Search code examples
countcouchbasesql++

What are the factors that can make the item count differ from the item id count in couchbase?


On a 3-nodes Couchbase Community Edition 5.0.1 build 5003 cluster, couchbase indicates that it contains 12268503 items. However, when counting the ids, the result is 6132875.

What are the factors that can make the item count differ from the item id count in couchbase?

More precisely, when the following N1QL query is executed on a buckets - say Product

SELECT count(1) FROM Product

It gives

12268503

While when the count is made on the item ids

SELECT count(META(Product).id) FROM Product

It returns:

6132875

That is, the number of ids is less than 50% of the number of items.

Also, they was no operation (0 ops/s) on the bucket for several hours, which excludes the possibility of the primary index not catching up due to a traffic peak.

I pored through the couchbase blog & doc without finding any clues as for this count difference.
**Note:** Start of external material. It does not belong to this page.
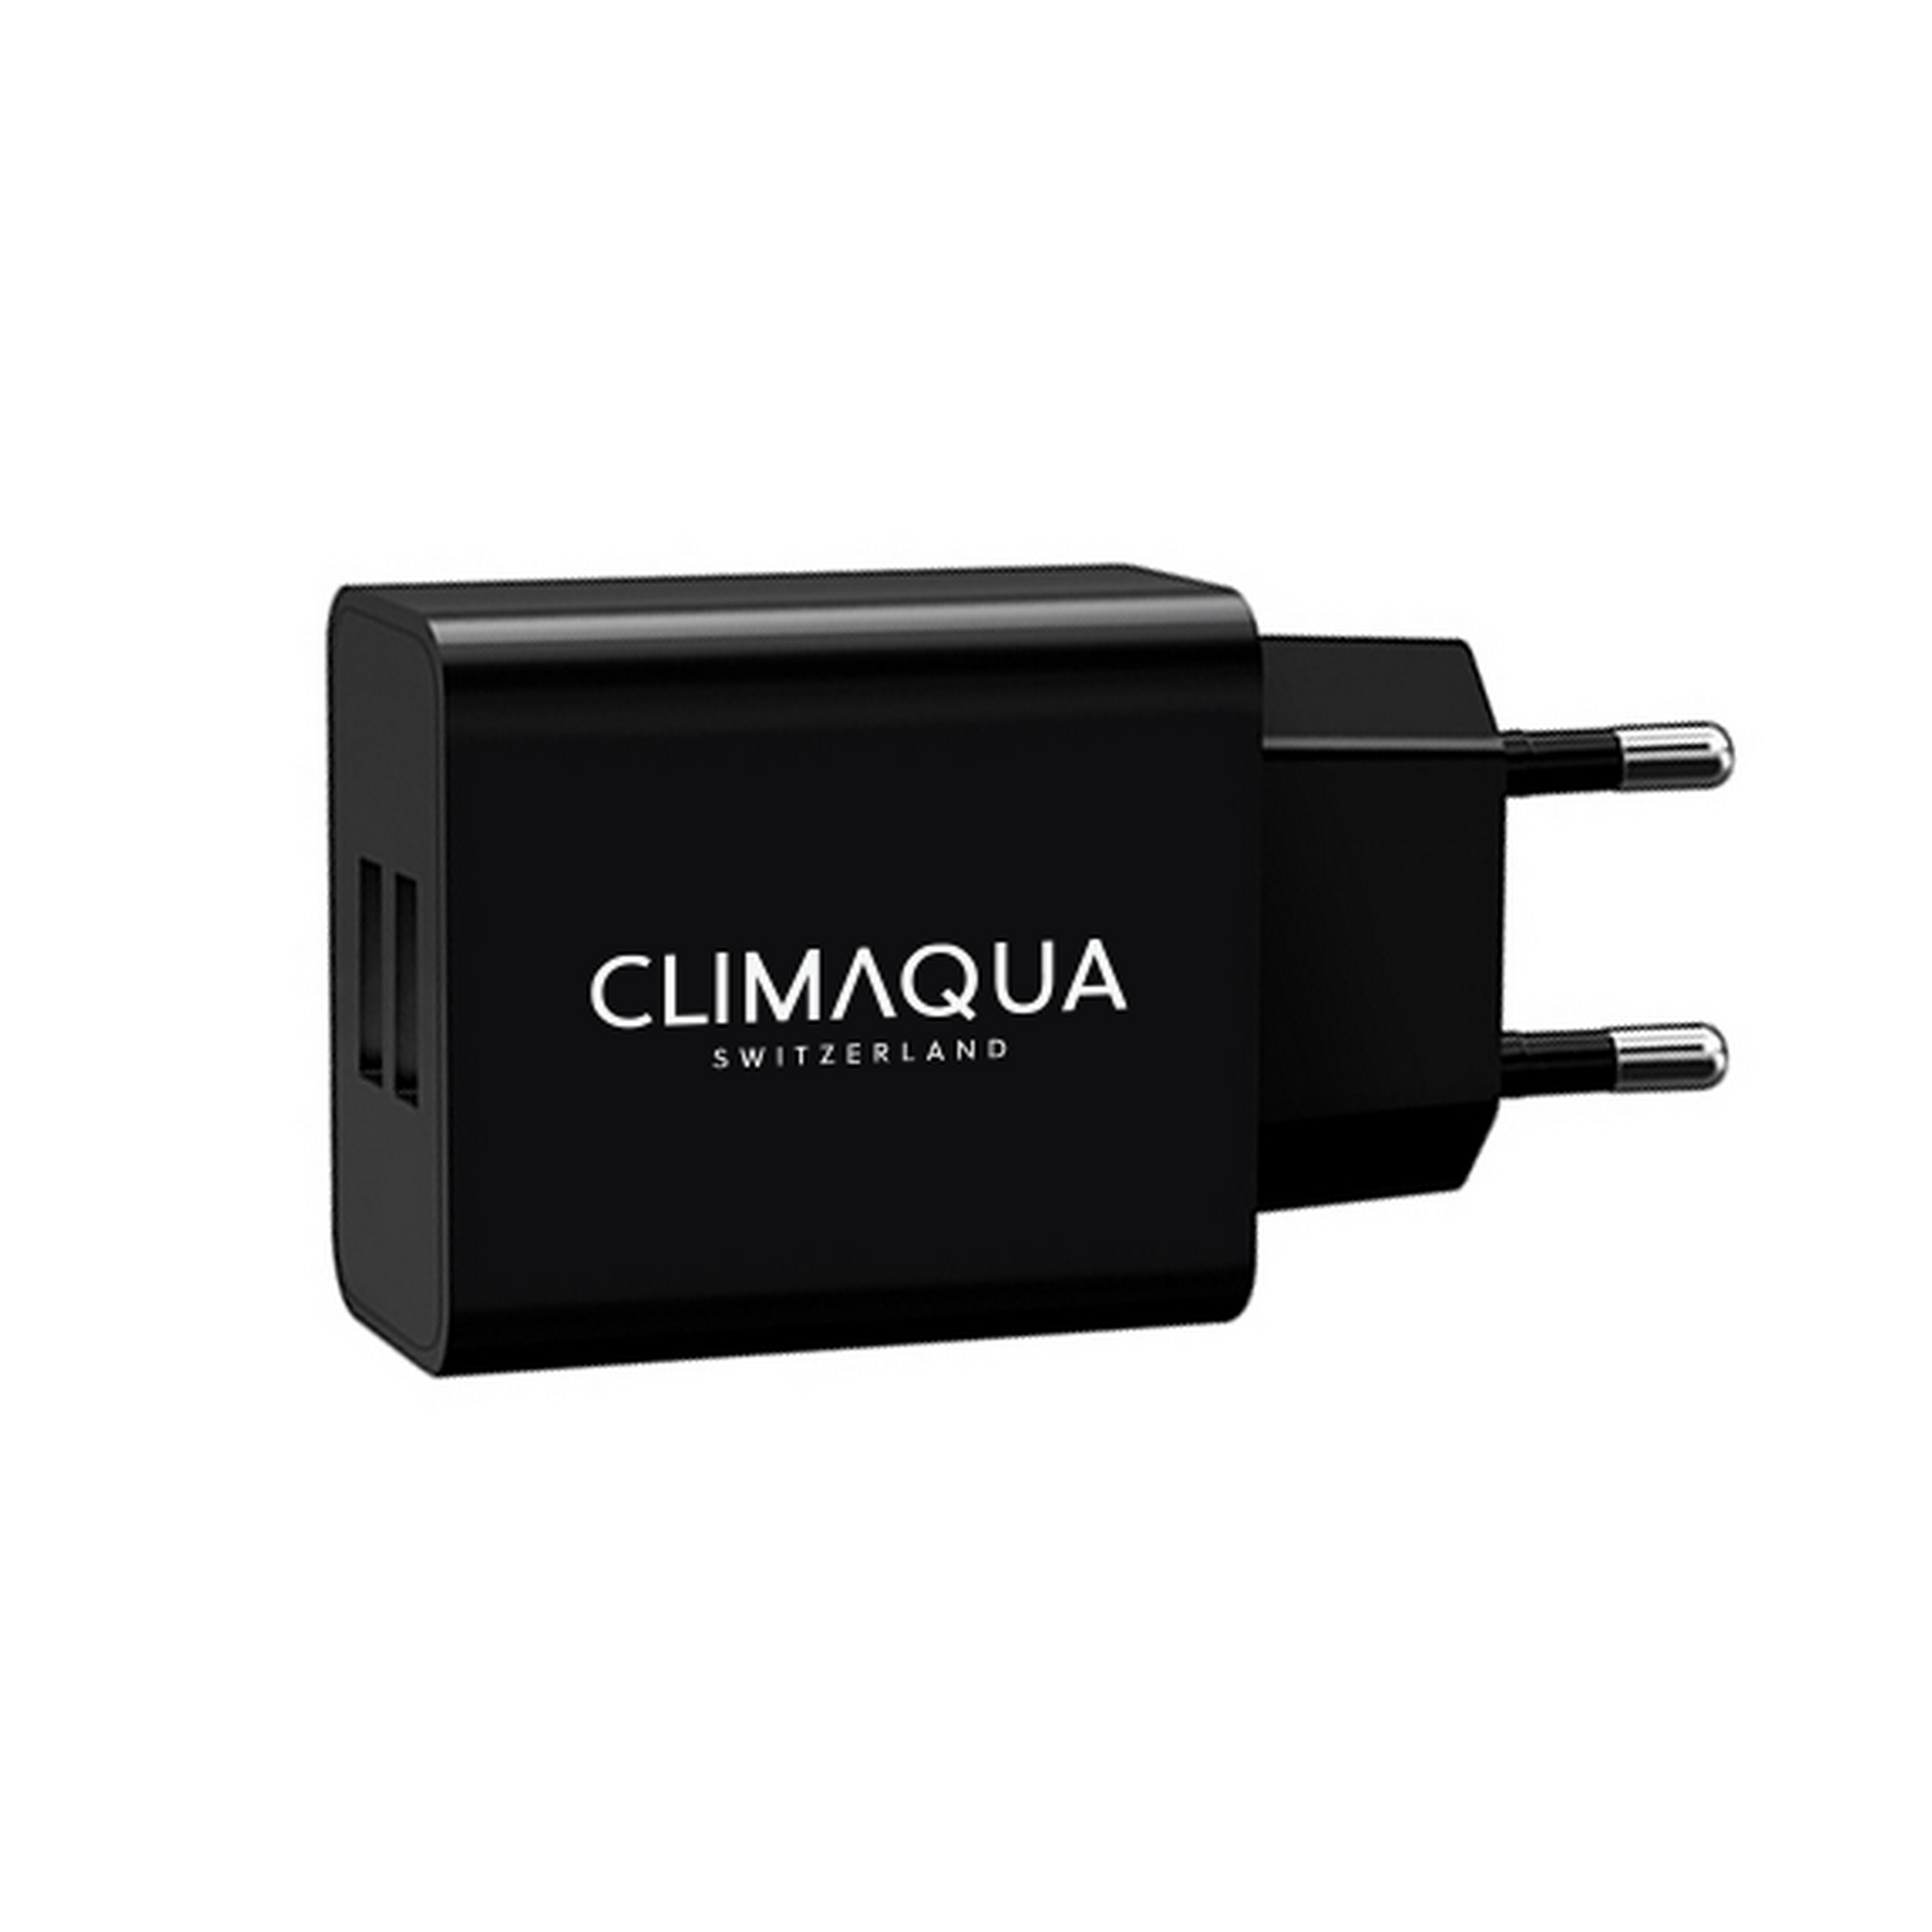 Dual-USB-Netzstecker für Pumpen + product picture

Any pointer is much appreciated.


Solution

  • If the query has no predicate/no join and projection has single expression count(*), count(constant) the query gets the results from bucket stats and provide the info (takes sub milli seconds).

       SELECT count(*) FROM Product;
       SELECT count(1) FROM Product;
    

    The following is almost similar but COUNT argument is expression so it has to use index and do aggregation (As in this case document key which unique and must be string, optimizer should have considered as previous approach, As of now no optimization)

    SELECT count(META(Product).id) FROM Product
    

    In second case it uses index, Your index might have pending items and not caught up. Try use scan_consistency. Check the index stats start with.